* Exercise
From the listing below, pick out each line with the word "Hong".

BEGIN The input

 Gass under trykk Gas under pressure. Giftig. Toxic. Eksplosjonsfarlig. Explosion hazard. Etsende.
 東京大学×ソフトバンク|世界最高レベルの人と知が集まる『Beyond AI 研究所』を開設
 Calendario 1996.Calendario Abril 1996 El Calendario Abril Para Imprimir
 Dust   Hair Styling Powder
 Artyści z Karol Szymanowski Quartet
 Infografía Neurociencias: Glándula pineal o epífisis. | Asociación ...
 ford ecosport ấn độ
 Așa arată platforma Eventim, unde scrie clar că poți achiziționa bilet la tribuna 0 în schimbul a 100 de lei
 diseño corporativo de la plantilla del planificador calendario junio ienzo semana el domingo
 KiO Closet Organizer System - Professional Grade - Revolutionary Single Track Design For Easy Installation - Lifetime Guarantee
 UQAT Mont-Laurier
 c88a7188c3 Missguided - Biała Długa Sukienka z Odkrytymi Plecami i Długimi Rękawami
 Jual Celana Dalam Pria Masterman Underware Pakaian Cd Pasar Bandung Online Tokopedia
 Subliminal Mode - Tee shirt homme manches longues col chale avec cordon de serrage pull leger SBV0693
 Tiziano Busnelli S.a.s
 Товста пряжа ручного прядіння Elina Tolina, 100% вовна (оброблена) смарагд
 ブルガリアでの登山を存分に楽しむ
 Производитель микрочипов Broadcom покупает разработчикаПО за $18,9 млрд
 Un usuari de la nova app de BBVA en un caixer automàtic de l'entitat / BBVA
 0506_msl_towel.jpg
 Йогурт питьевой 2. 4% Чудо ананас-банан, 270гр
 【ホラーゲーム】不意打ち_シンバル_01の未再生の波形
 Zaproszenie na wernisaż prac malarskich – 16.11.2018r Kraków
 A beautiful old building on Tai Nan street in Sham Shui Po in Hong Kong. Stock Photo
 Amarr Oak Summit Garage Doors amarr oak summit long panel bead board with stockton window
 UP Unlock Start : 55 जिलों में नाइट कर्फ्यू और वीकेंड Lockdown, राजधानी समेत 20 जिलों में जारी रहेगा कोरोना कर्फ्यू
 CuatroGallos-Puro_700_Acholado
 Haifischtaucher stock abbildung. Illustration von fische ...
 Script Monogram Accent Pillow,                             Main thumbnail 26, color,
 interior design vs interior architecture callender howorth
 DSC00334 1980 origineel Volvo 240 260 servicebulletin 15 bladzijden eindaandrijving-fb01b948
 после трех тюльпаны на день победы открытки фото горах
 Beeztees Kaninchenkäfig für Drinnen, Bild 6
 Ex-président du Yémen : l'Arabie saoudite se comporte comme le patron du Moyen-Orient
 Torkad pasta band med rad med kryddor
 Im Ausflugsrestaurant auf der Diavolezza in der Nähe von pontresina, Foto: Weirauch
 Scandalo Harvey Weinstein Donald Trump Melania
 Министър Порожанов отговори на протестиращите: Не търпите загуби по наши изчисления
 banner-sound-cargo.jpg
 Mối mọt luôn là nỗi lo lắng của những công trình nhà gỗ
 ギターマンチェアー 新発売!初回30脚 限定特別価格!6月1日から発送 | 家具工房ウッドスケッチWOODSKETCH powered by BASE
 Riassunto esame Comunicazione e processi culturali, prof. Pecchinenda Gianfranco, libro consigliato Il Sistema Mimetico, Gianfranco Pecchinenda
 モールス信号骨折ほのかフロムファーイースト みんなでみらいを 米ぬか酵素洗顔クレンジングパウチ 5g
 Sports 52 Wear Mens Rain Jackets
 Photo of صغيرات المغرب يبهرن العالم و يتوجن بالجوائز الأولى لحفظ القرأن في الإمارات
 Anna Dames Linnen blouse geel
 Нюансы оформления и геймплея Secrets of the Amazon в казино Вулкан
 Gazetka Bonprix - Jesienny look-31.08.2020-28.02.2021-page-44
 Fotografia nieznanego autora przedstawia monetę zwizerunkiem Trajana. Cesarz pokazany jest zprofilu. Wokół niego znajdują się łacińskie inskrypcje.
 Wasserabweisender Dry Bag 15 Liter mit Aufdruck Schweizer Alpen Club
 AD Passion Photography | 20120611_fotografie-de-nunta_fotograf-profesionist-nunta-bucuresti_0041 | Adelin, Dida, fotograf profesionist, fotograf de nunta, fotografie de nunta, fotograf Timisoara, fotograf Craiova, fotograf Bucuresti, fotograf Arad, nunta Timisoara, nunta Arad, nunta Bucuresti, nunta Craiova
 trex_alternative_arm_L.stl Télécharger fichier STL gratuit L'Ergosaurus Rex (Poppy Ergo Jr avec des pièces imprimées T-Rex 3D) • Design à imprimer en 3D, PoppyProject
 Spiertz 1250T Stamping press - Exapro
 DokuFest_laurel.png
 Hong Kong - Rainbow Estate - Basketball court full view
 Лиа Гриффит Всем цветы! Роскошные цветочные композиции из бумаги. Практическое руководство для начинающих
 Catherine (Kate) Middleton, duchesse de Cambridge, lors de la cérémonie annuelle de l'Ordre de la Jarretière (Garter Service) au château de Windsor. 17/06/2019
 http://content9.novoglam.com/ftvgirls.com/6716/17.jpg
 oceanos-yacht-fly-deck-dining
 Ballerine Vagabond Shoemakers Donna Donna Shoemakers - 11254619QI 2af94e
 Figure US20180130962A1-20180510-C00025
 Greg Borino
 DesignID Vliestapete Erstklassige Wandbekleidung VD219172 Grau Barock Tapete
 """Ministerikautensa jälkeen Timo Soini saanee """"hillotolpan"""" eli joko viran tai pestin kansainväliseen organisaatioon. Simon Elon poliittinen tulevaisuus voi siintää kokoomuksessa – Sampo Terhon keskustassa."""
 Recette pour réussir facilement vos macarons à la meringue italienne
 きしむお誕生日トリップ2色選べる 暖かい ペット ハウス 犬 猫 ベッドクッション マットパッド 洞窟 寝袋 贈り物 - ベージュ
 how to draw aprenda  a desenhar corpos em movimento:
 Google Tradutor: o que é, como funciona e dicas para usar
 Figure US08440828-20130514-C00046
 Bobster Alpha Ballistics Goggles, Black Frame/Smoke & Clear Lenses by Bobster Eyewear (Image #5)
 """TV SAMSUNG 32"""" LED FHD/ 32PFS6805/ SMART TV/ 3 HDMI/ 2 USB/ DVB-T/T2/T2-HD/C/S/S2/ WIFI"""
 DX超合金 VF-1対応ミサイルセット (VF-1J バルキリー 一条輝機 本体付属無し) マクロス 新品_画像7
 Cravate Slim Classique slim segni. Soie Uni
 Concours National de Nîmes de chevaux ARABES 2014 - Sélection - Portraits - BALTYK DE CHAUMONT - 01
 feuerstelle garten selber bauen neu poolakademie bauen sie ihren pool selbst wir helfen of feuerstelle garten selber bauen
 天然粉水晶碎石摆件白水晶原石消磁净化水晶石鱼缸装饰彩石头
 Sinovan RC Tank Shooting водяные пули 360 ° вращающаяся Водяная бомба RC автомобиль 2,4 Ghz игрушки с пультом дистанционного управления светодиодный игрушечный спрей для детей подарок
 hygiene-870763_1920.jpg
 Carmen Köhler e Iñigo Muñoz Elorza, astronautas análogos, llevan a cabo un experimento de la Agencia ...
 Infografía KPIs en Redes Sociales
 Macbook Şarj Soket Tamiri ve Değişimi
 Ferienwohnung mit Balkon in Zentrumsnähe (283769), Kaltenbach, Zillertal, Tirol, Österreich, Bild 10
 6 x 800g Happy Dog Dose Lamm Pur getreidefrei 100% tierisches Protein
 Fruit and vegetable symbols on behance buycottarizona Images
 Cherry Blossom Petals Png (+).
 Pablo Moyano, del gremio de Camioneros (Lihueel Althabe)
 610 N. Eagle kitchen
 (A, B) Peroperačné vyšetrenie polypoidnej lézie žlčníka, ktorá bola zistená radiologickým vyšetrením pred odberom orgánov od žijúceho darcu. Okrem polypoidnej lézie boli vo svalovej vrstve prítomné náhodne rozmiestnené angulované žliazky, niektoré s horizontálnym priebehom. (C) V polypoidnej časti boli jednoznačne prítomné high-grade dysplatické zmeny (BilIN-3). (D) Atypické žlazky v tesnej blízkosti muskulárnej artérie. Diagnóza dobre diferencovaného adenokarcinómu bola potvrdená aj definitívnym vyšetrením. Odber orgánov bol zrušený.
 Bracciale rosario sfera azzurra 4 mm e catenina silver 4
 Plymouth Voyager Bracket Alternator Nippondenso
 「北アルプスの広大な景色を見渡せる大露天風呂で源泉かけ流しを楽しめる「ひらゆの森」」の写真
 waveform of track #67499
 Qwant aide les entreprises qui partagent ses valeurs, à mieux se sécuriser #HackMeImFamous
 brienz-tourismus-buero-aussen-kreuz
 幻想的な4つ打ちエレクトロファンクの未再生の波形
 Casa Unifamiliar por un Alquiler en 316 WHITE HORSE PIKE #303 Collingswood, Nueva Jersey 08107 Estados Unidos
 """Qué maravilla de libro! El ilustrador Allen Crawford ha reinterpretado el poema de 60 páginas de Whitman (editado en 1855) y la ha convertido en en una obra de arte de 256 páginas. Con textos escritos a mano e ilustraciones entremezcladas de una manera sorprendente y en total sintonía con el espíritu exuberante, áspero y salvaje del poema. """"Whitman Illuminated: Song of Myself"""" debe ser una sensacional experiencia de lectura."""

END The input

* Solved problem
 A beautiful old building on Tai Nan street in Sham Shui Po in Hong Kong. Stock Photo
 Hong Kong - Rainbow Estate - Basketball court full view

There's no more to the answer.